Sin embargo, al llegar al séptimo día García Márquez se flexibiliza con su entrevistado y le permite alcanzar esa condición tan ansiada por el joven marino: le permite ser héroe. Y creo que se lo permite, porque también él, también García Márquez, deseaba hacer de Velasco un héroe de ficción. Un titán de novela de aventuras. Un personaje literario.

En este séptimo día, uno y otro, entrevistador y entrevistado, se comportan como un par de jóvenes que se dejan arrastrar por sus más encendidos deseos. Pues cuesta creer que un náufrago que lleva siete días a la deriva, medio moribundo y con el cuerpo en carne viva por la acción del sol, se encuentre con fuerzas para pelear contra aguerridos peces y enfurecidos tiburones, ni mucho menos para enfrentarse a las rabiosas olas del mar ni para realizar admirables hazañas bajo el agua.

Da igual que en el relato se nos aporten distintas justificaciones para las proezas del día siete. Todas -los dos bocados de pescado que supuestamente le infunden fuerza a Velasco, o su plus-marca de permanencia bajo el agua-, a mi juicio, resultan insuficientes. Nada convincentes.
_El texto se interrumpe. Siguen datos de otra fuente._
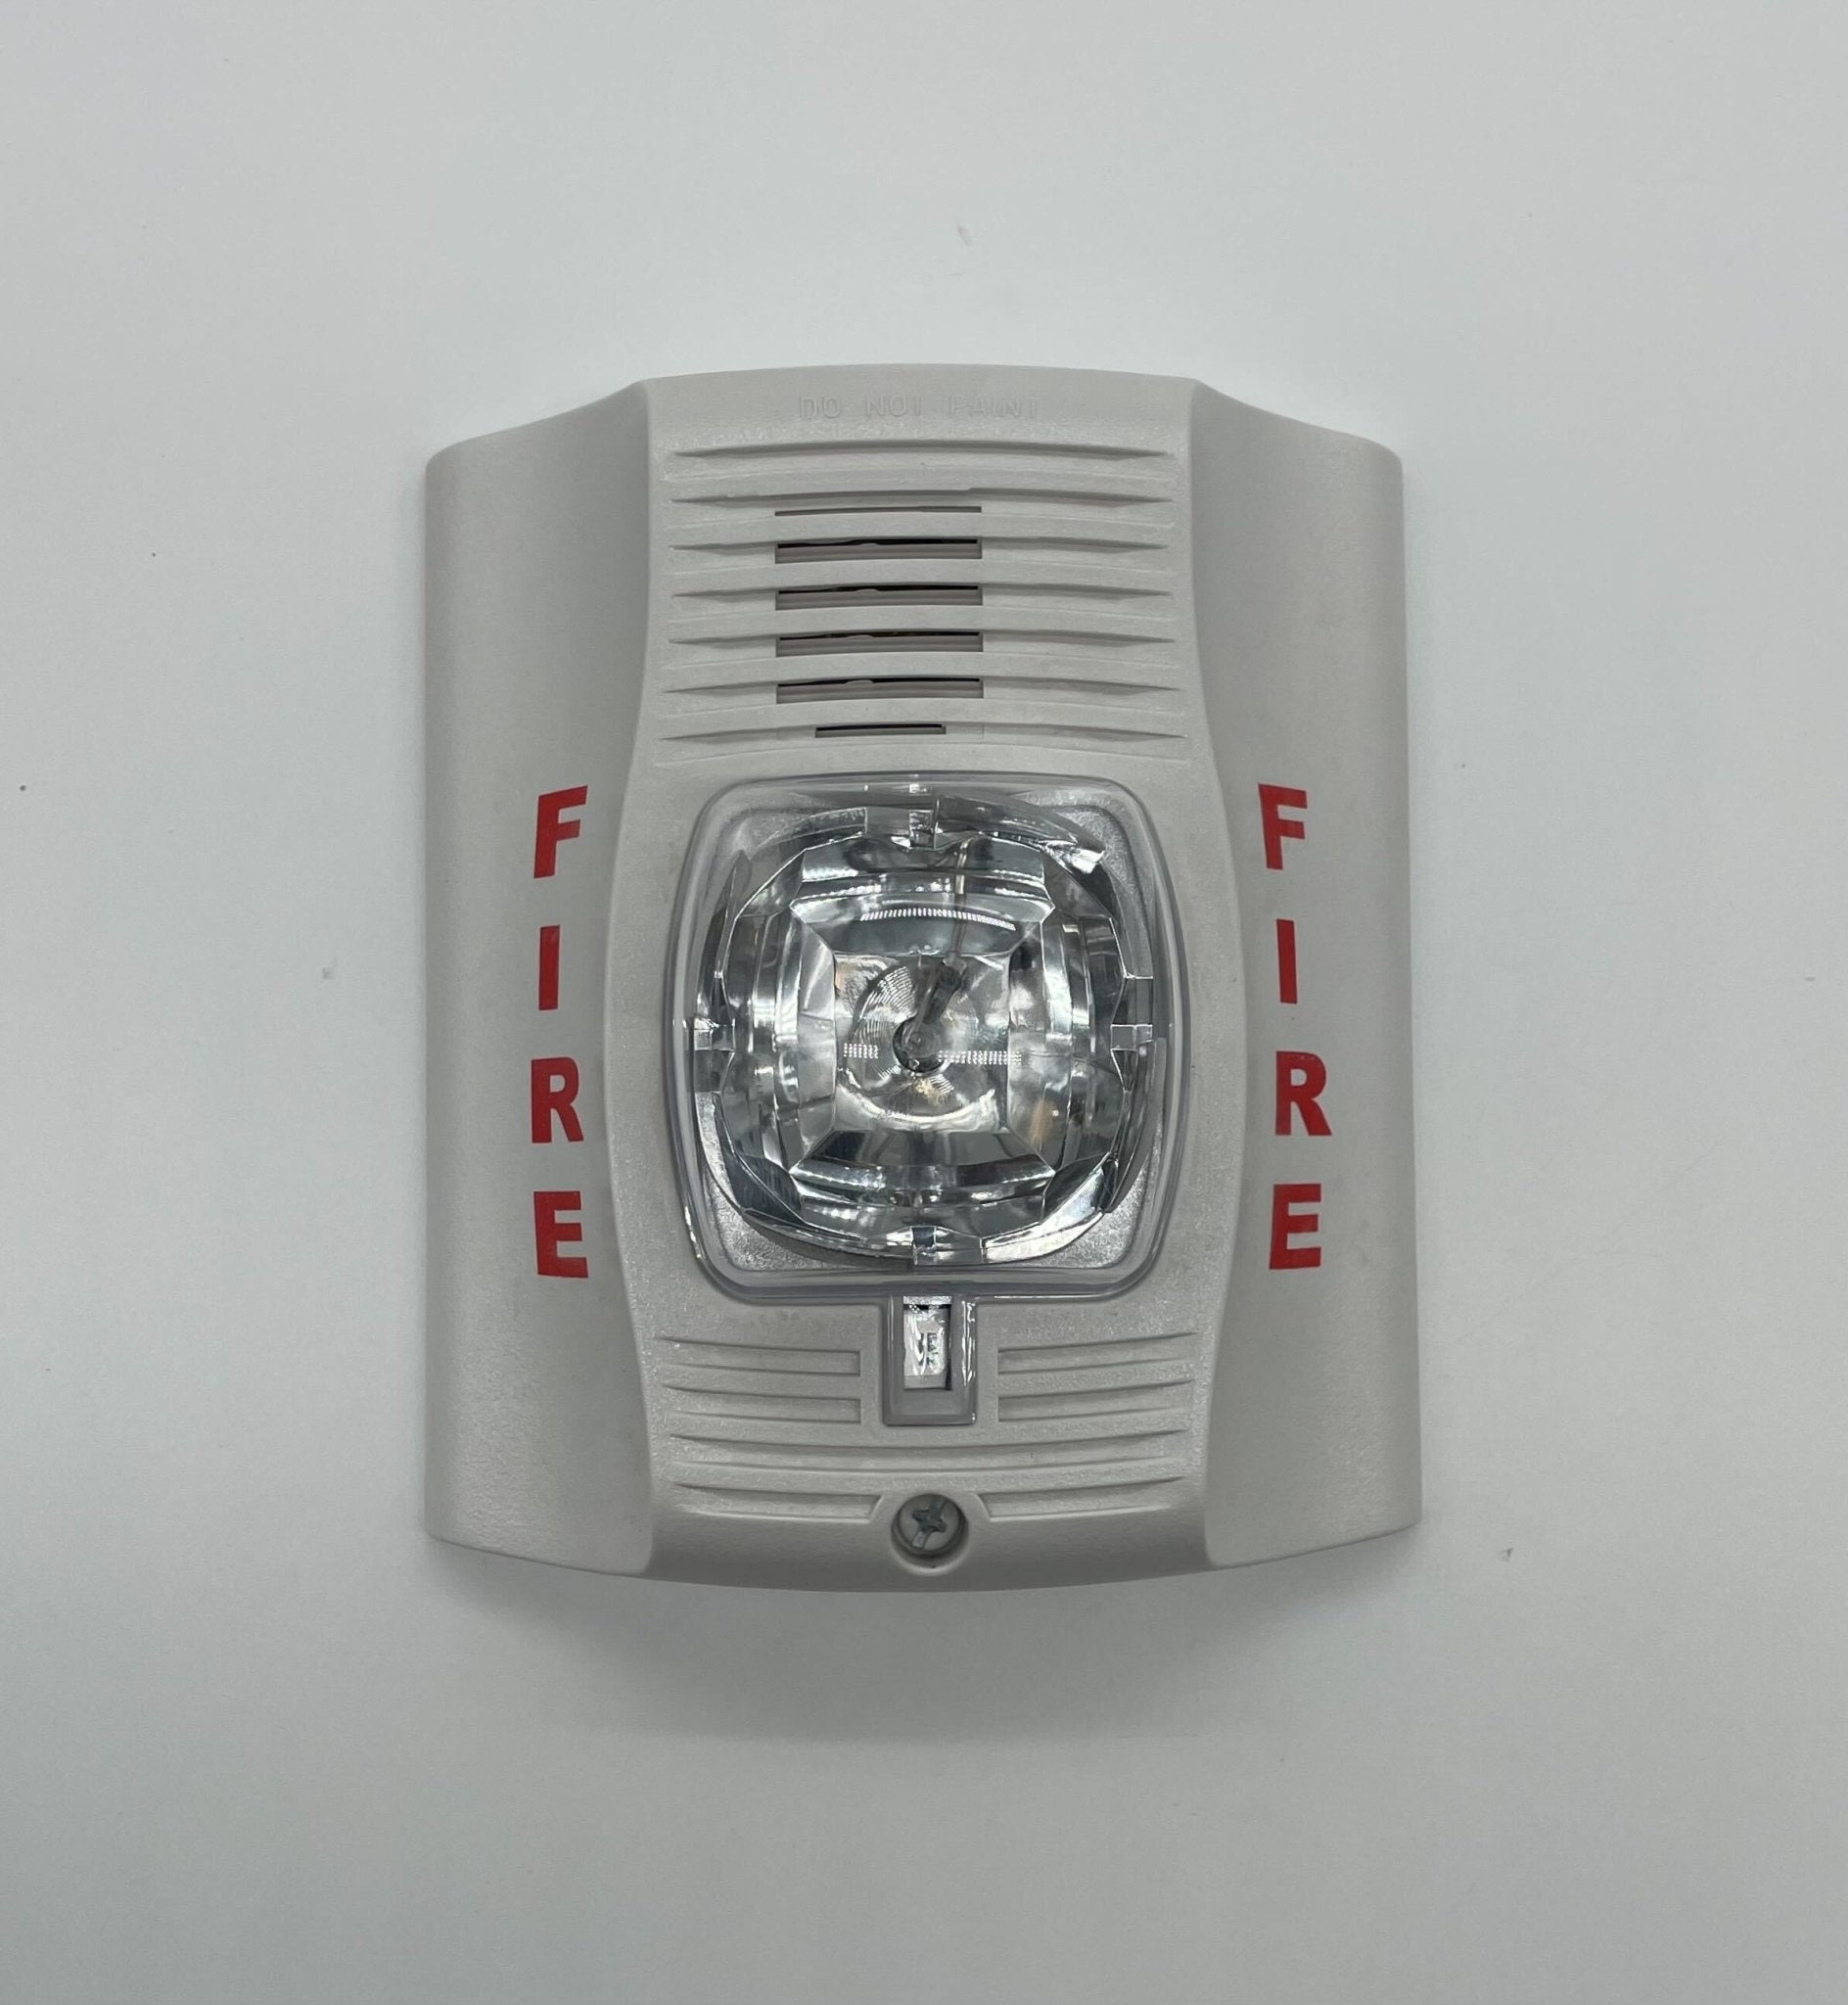 System Sensor P2W - The Fire Alarm Supplier

Por último y para terminar, decirles que, paradójicamente, gracias a ese comentado día siete, a ese desbordado día literario, García Márquez logró enseñar a sus lectores el rasgo más relevante de la personalidad de su entrevistado -afán de notoriedad-, dejando asimismo al descubierto lo que eran sus más notables carencias: ser querido y admirado.

A pesar de sus fogocidades literarias, el periodista-escritor Gabriel García Márquez siempre terminó cumpliendo con su cometido periodístico.